In my new, shiny clean kitchen I now have plenty of clear space to do a big batch of baking to accompany my new teas. I am in the mood for innovation, and I am wondering what new exciting ingredient to add to my rock cakes along with the Scottish oatmeal (kindly donated by the sackful, as you may or may not know by Linda, Deputy Head Prefect and chief knitter for the Rubble Club, from the Scottish land of Kilmarnoch). My quest led me no further than to the desk drawer of Grandad Gray, my computer clerk, who likes his medicinal sweets. He has developed a taste for a strange health tonic sweet known as ’sherbert dips’ which have a useful little black stick of liquorice stuffed in the end, to help scoop the health-giving sherbert into his mouth. He buys them by the dozen in springtime, (I suspect it is to counteract the aching joints afflicting the elderly when suffering from the spring fever), so he never noticed when I popped one into my basket in the name of research. I, ever keen to improve the diet of my pet rocks (and their owners), by way of random experiment, have chopped up the liquorice stick so it looks like delicious black gravel and sprinkled it along with the fizzy sherbert into my baking mix. Now wait, I know they taste shocking, and not at all as delicious as my usuals, Rubblers, but if we could only acquire the taste for them by patient, devoted practice, think how healthy we would be!

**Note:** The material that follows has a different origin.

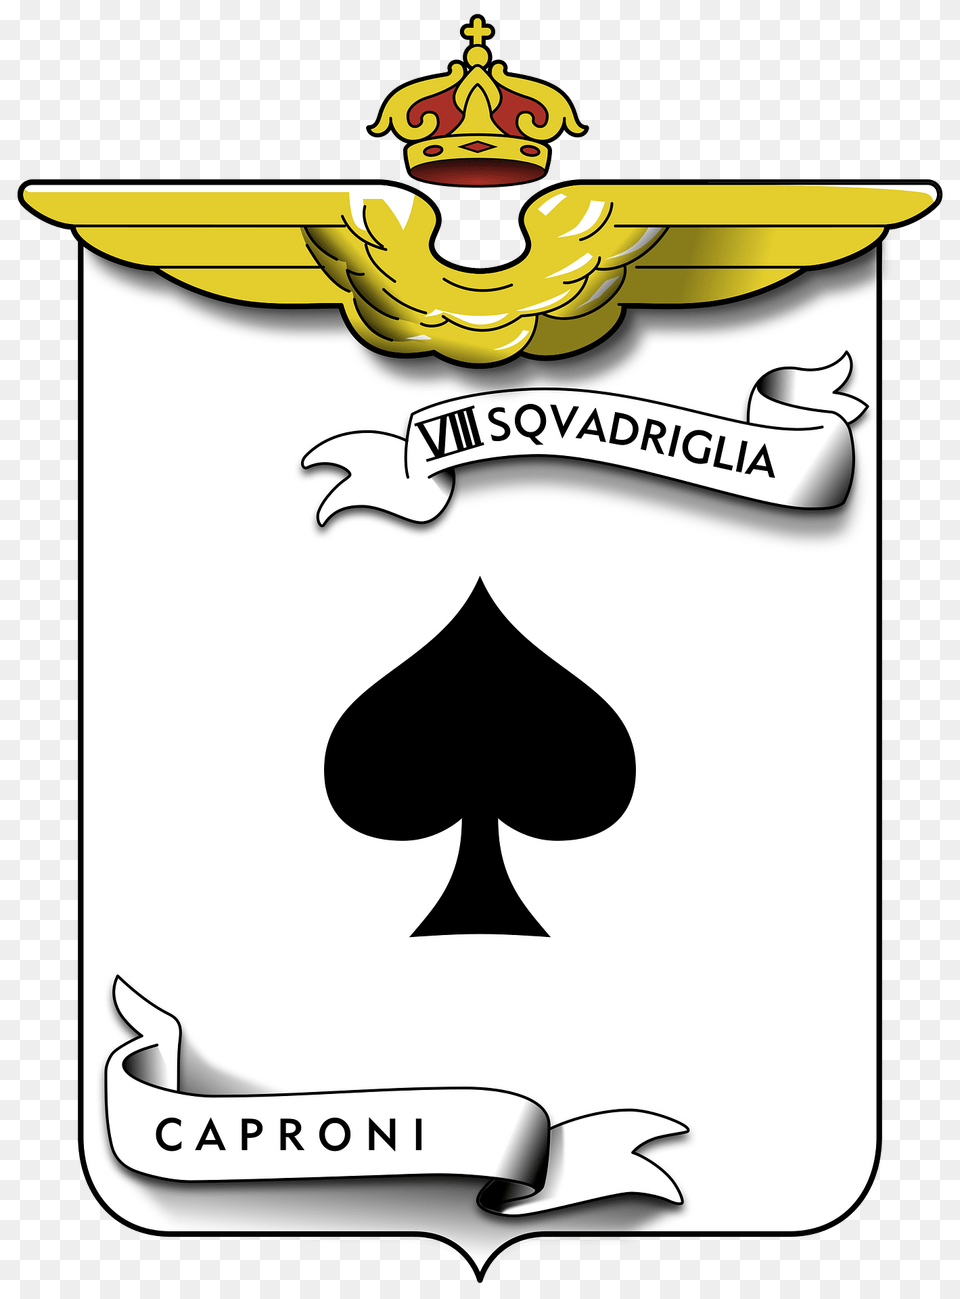 Coa Viii Squadriglia Caproni Spade Clipart, Logo, Symbol, Text, Smoke Pipe Png Image

And now a question for you, Rubble Clubbers. Would you swap your pet rocks for a pet donkey? One of the pigeons on the Blackpool Promenade asked me that question when he caught me smiling fondly at a donkey enjoying his mid morning carrot on the beach. Although they are lovely and stinky, love my rock cakes and give me free rides all the time, I would not have room for one in my parlour, what would I do with all that poo and where would I find all those carrots? No, pet rocks take some beating as the perfect pets. Even when I have hundreds of them all over the house, they are no trouble at all, bring endless good luck, (do not need a great big field to live in) and give me unquestioning devotion at all times. What more could anyone ask?So, Rubble Clubbers, if you find yourself tempted to buy yourself a pet donkey, ask yourself if you would not be better off with a nice new pet rock, and a trip to Blackpool with a bag of carrots. There’s always a donkey here that you can borrow and sniff in exchange for a bag of carrots, and when you have done that there are hundreds of trouble-free pet rocks waiting to be adopted at the Magic Wand Factory Shop on Dickson Road, Blackpool. You will thank me later for my good sense.